As it turned out, the Victorville acquisition itself ended up being a costly one due to its heavy real estate exposure, contributing to the bank’s 2008 financial troubles.
“It went awfully,” said Julianna Balicka, an analyst at Keefe Bruyette & Woods’ San Francisco office. “It was one of the biggest drivers of their real estate problems.”
Exit strategy
So, at 53, Ng has taken his lumps, and has handled the worst of the financial crisis and more than survived. Though he’s still young for a financial executive, finding someone to succeed him as chief executive has been on his mind since 2005.
“After spending about 14 years at the bank I felt that maybe it was the right time,” he said. “You don’t want to have the same person run the bank for all these years.”
For one thing, he has said that his job hasn’t left much time for his family. He lives in Pasadena with his wife, Ellen, whom he met in college, and two teenage children.
“Usually on the weekends when I’m in town and I’m not traveling, I’m home spending time with my family,” he said. “There’s not a whole lot of time.”
His 16-year-old daughter is an accomplished equestrian, having competed last year in the World Championships for Icelandic Horseriding in Europe. He rides horses with her and drives her on weekends to Santa Ynez for training. He plays golf with his son.
Rich Thomas, who’s known Ng since he first moved out to Los Angeles, said he believes that Ng regrets the time he’s lost with his family.
“His children are teenagers and these kind of continue to be formative years for adulthood,” Thomas said. “He spends a lot of time at work and I think he looks at it and says, ‘I wish I had been able to spend more time with my children.’ ”
Last year, with the economy improving, Ng started looking at succession planning again. The idea is for him to move into a nonexecutive chairman position. With the exponentially growing importance of China as a trade and investment partner with the United States, Ng wants to ensure that the bank remains true to its role as a conduit between the two countries – and not just financially.
In 2007, East West entered into a partnership in which it bought $2 million in Chinese art, but made it available for exhibition at the Museum of Contemporary Art in downtown Los Angeles. East West is also sponsoring a solo exhibition of Chinese artist Cai Guo-Qiang scheduled to open at MOCA in April.
“I see East West as a long-term, sustainable, meaningful organization,” he said. “Because of that I really don’t want to see it end because I have to end.”
He’s certainly in a comfortable position financially. He is East West’s biggest individual shareholder, with stock worth $13 million. His compensation in 2010 was $5 million, most of that in stock. So what might his life look like after stepping back?
Some have floated the idea of Ng getting involved in politics.

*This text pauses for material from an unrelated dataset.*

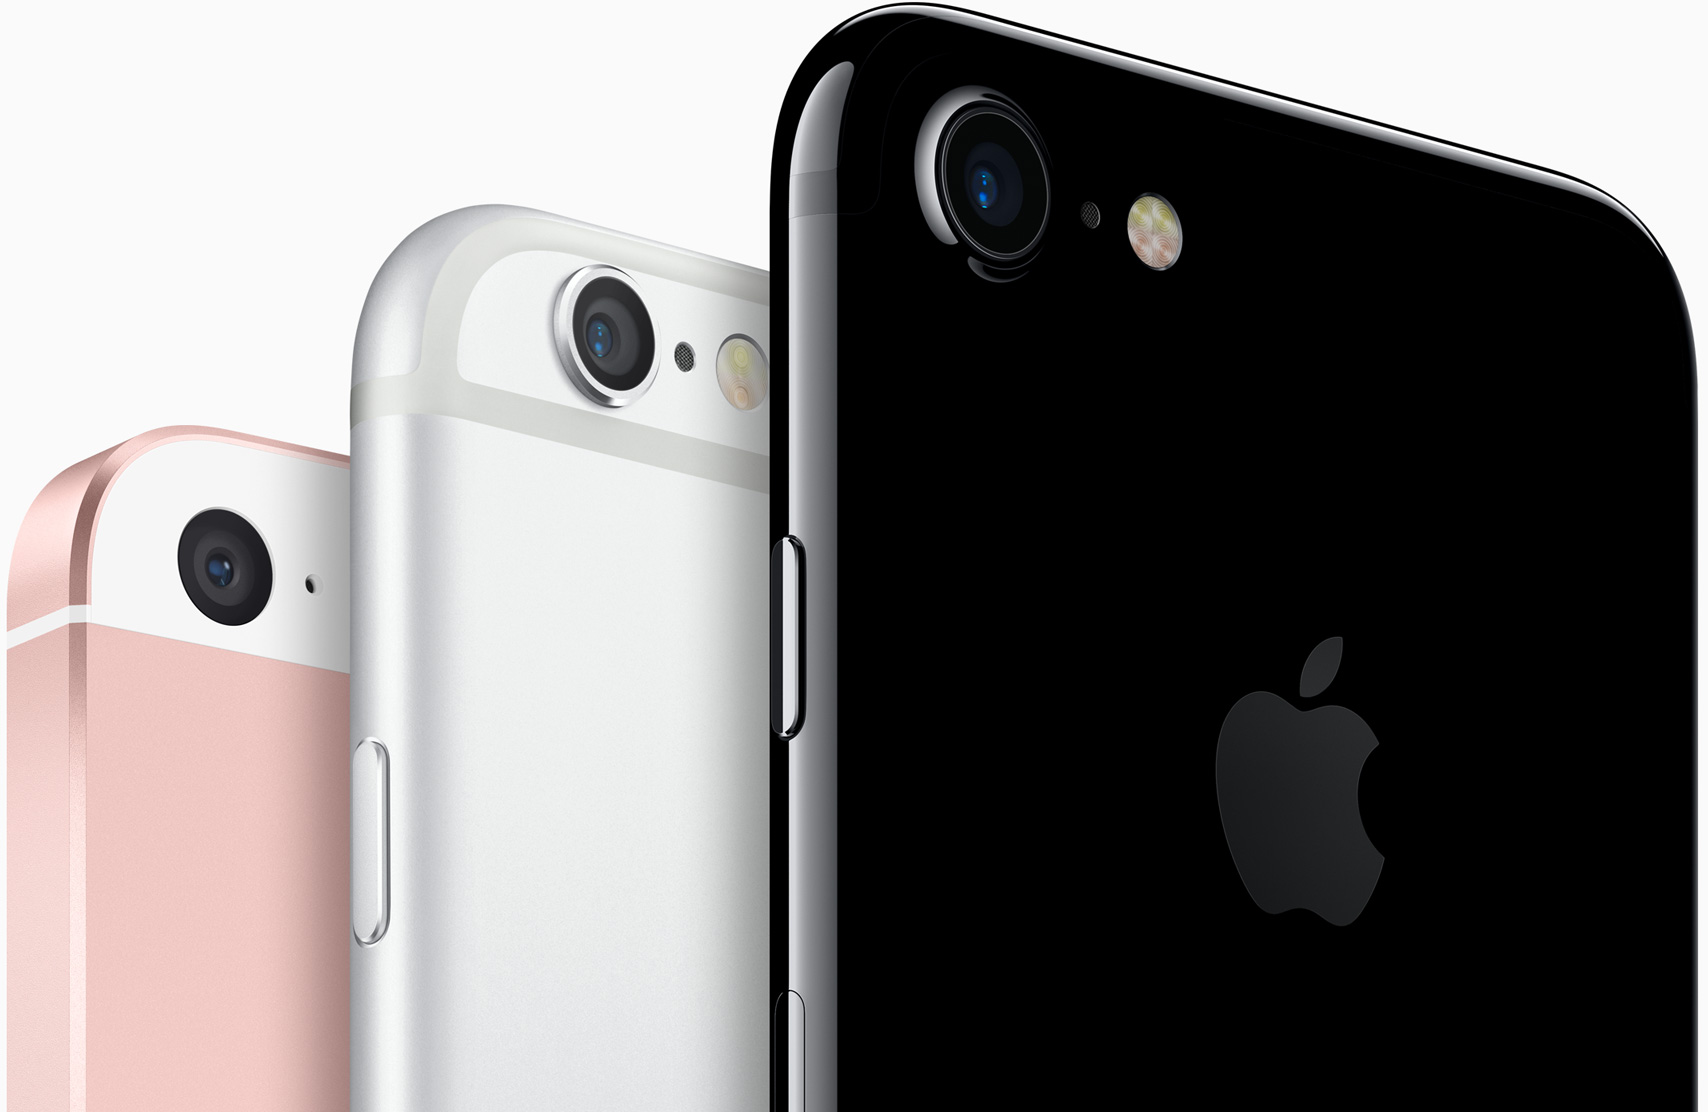 Apple iPhone 6S & iPhone 6S Plus Officially Announced

“I hope he runs for political office,” Nazarian said. “I think having the visibility of running a bank the size of East West gives a real good level of controlled visibility and skill sets.”
But Ng dismissed that possibility. He has been active in philanthropy and other civic causes, often with an emphasis on U.S.-China relations, and said he is likely to continue after his banking career is over.

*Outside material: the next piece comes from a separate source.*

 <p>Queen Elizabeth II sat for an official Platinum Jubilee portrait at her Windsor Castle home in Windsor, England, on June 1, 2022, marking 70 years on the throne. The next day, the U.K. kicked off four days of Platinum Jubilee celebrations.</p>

He speaks with pride about his tenure as the first Asian-American campaign chair of the United Way of Greater Los Angeles. He’s currently the chair of the Committee of 100, a group dedicated to U.S.-China relations and other Chinese-American issues. In that capacity, he co-hosted a welcome luncheon in Los Angeles in February for Chinese Vice President Xi Jinping, slated to be the next leader of China.
He also meets about once a month with a private club of about 30 Chinese-American businessmen, said Red Chamber’s Kou.
Ng said if he determined that he’s no longer needed at the bank, he would likely continue along those lines.
“I am 100 percent sure there are plenty of opportunities for me to get involved, both in civic involvement or helping the U.S.-China relationship,” he said. “I like the idea of whatever civic and philanthropic duties, I would try to also play the bridge between the East and the West.”